How to avoid dying alone and broke
Have you heard of “quiet quitting”?
It has nothing to do with quitting (but I guess it is quiet).
Quiet quitting is about doing the job you’re paid to do - no more, no less. This is getting big airplay right now because it’s an unwritten rule employees are expected to deliver more than their contractual obligation.
You were hired and get paid to make 10 widgets a day? Like it or not, if you didn’t make 12 widgets you were considered lazy, disengaged and uncommitted.
It’s been like this forever…until now.
During the pandemic worker shortages emerged and for the first time in at least a generation the average worker has leverage (fleeting as it may be, due to an eroding economy). Workers are lobbying for better treatment and pay. Many are leaving their jobs. Those who remain are quietly refusing to deliver more than what they’re paid for.
Executives are shocked - SHOCKED! - that their minions weren’t ecstatic about the over-delivery expectation built into the system. All in the name of career growth. While some jobs are true “pay for performance” models, most just pretend to be and many over-achievers end up with stagnant careers. The hope they could someday reach the permanently unattainable carrot ensured workers continued to perform tasks beyond their obligation.

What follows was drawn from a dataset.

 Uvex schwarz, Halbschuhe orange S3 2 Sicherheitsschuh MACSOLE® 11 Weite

For most of history the worker has been exploited - serfs in a feudal system, white collar administrators and overseas child labor. It makes me wonder. Can a capitalist system survive without free, cheap or exploited labor?
Why do we give more to our employers than we take?

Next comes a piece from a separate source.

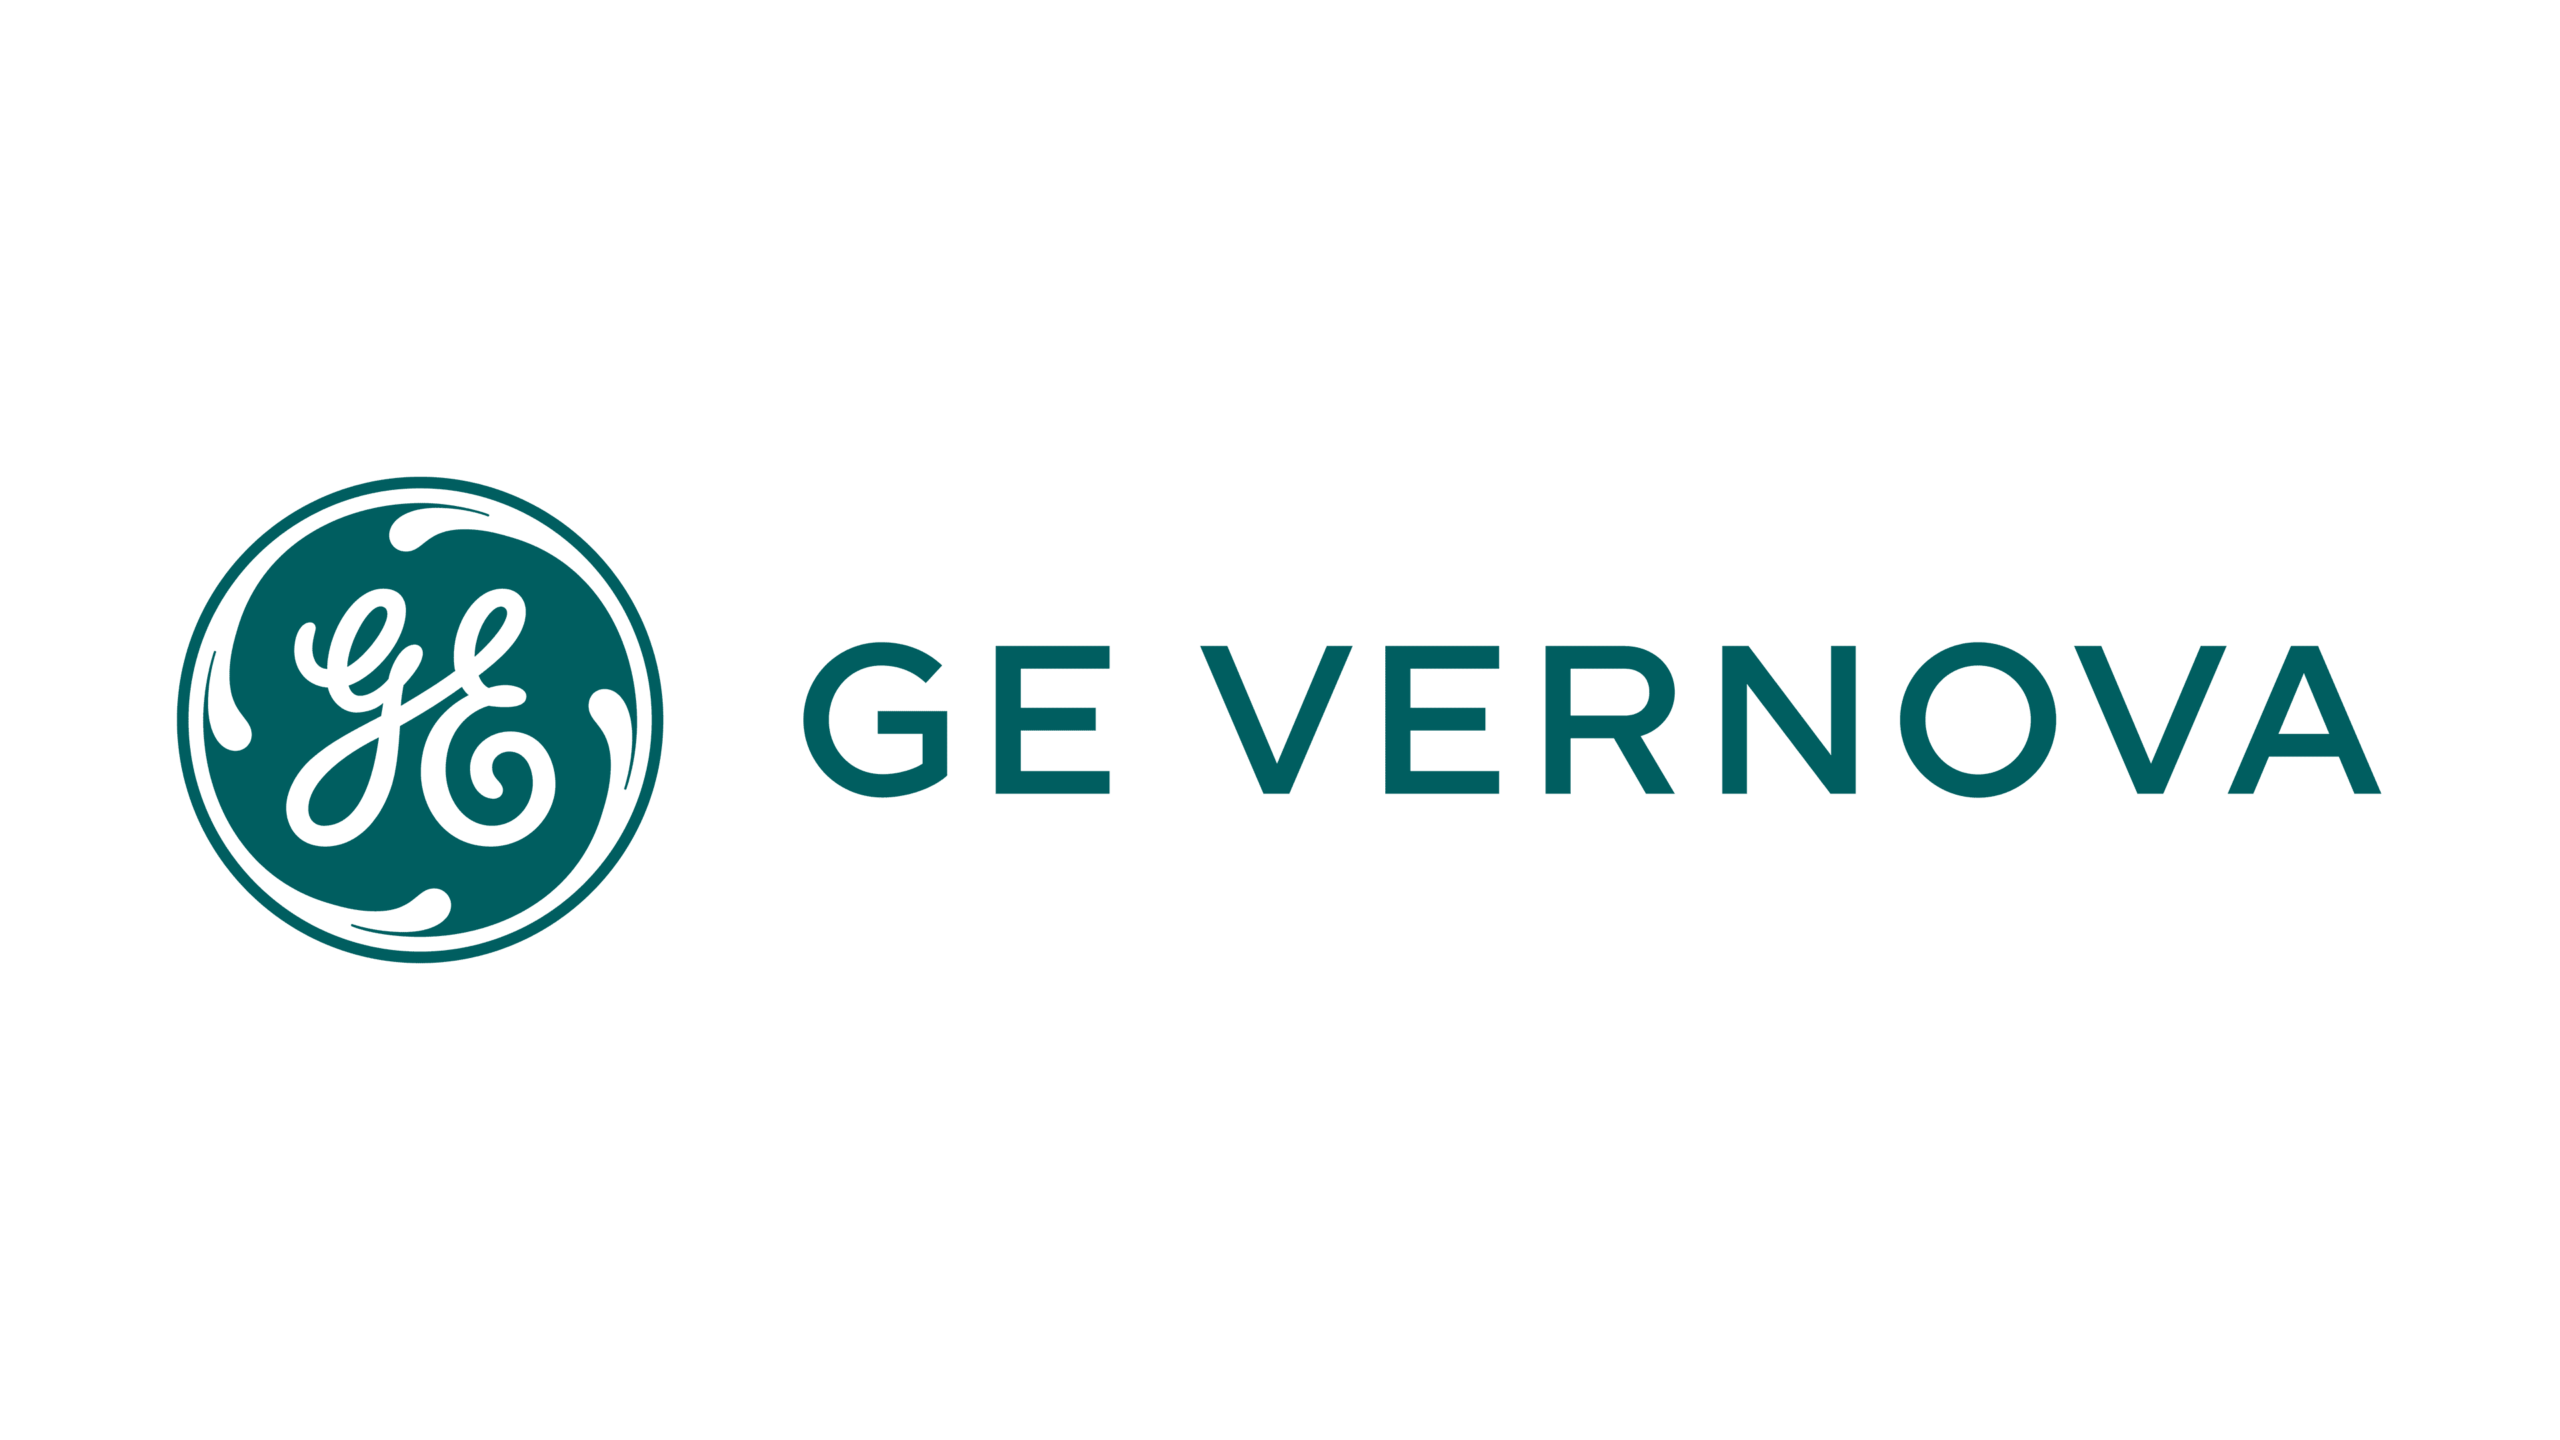 GE Vernova Company Logo

Despite a century of abundance, we’re locked in a grim inescapable game where we compete for a shrinking number of carrots to pay for unattainable consumer aspirations. To fund the balance, we’re lulled towards the easy money of consumer credit. Years of future debt payments coupled with a paycheck to paycheck lifestyle leaves one dependent on their employer for survival. It’s no wonder that people actively compete for an edge by providing free labor (aka “go above and beyond”).

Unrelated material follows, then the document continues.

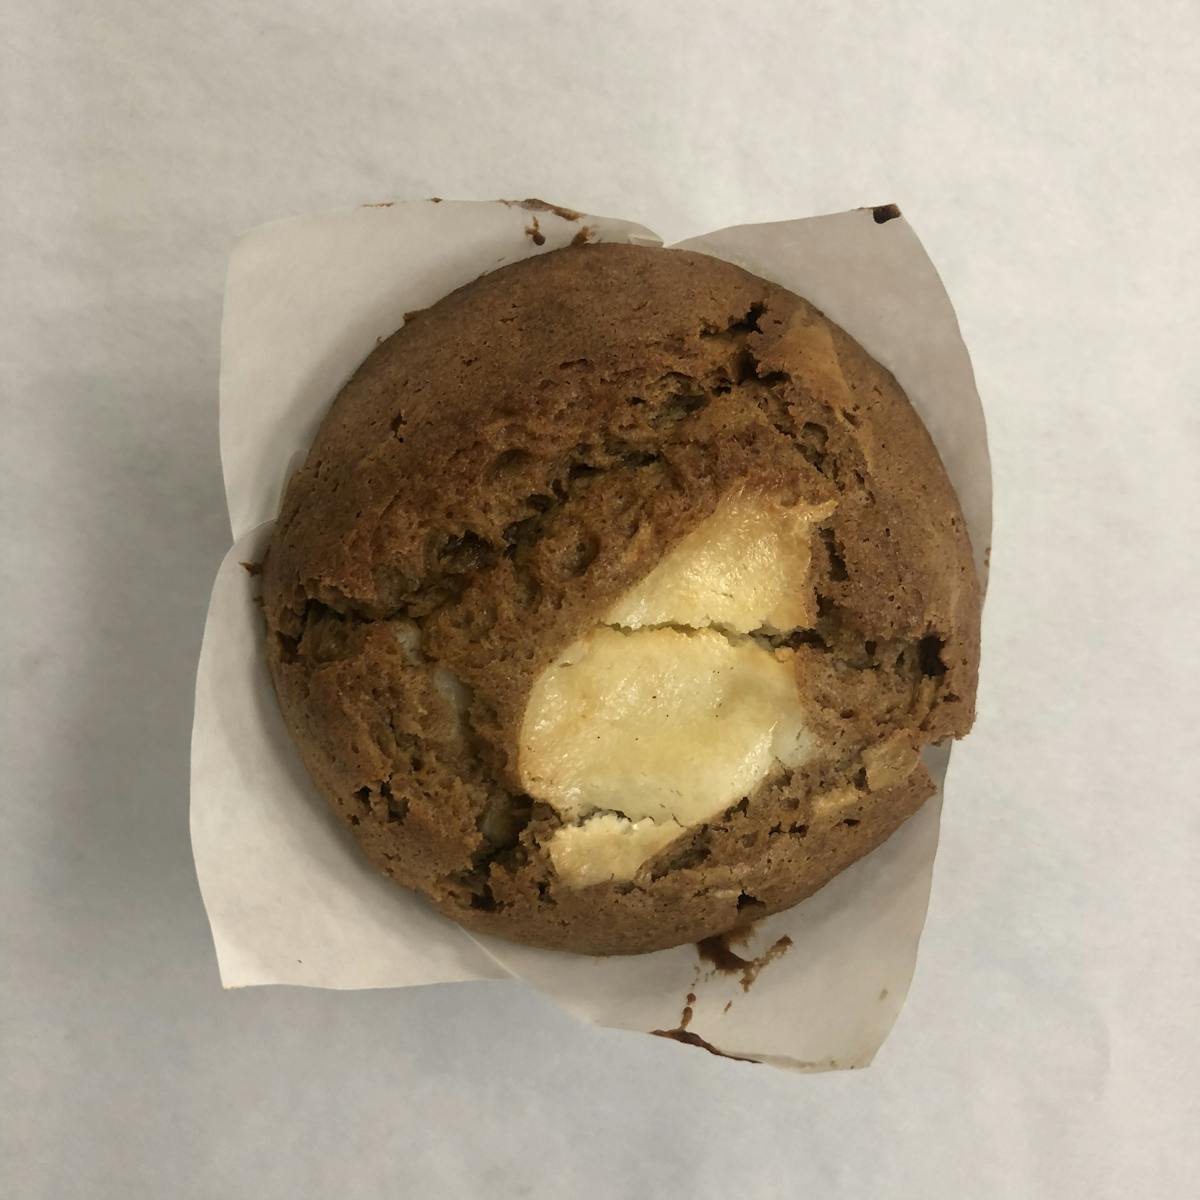 a muffin

Like we do with young soldiers going off to battle, we rationalize our indentured servitude by glorifying it. Many of us hate work, yet total devotion to your vocation is presented as a badge of honor in the mainstream media. ER, Greys Anatomy, Law and Order, Suits. We stare at the idiot box in our spare time drooling as yet another rogue veteran cop that is in too deep is ordered by his lieutenant to take some time off (and then continues to work the case on his vacation). Sadly, we see the cult-like devotion to work by broken human beings as aspirational.
Don’t get me wrong. Work is important and it helps the world turn, but it’s not everything. Work is not life.
I have seen too many people sacrifice their family for the benefit of an employer who would replace them in a week if they died. In fact, I have witnessed and heard many stories of people dying from heart attacks in their offices, and more recently while on Zoom calls, only to be erased from the collective corporate memory within days.
These are people who devoted (donated) the healthiest years of their life - and the best hours of their days - to enrichen executives and shareholders. They were sold a dream and trapped by a debt cycle that left them at the mercy of their employers. The terminal value of their cumulative sacrifice? A bouquet of flowers sent to their grieving spouse.
In contrast, your spouse won’t ever forget you when you die. Neither will your parents or children. If you do things right, they will mourn you for the rest of time. Your employer, on the other hand, might run a nice commemoration and hire some token on-site counseling, but you’ll just be another digit in a spreadsheet soon after your ashes are scattered.
Most of us won’t croak at our desks. But we will get sick - some worse than others. Next time you have the flu I dare you to call your boss asking him to bring you some soup and your favorite magazine. Have cancer? Ask your boss to drive you to chemo treatments. Just the thought of asking makes you feel uncomfortable, right? That’s because deep down you know he is more concerned about you finishing those TPS reports than feeling better. “Get well soon” has selfish subtext when said by employers and co-workers. They might as well ask “when do you think you can come back to work?”.
If you need any real help during an illness, it’s your spouse, parents or kids stepping up for the long haul.
You know what the real definition of “family” is? Someone who will wipe your a$$ without getting paid for it. It sucks, but this will be reality for many of us.
The only family you have is your real family. So be sure to invest in them. If you don’t invest in your family, you won’t have a family. I have witnessed many failed marriages and broken families because a spouse elevated their career to form the center of their universe. The irony is after all that effort building their career, their divorce destroys their finances anyway.
Alone and broke.
Although he would never admit it, my father lost his family and financial security because he cared more about his career than being present. He means well, but he chose the wrong priorities. I grew up seeing him several times a year and I’m still trying to understand how I feel about this.
Live your life and don’t delude yourself into thinking your job is anything more than a means to put food on the table. Seriously, unless you’re curing cancer or truly helping people you’re job is just a job. It’s a contract that obliges you to provide specified services in exchange for a certain amount money.
Don’t make it out to be much more than that.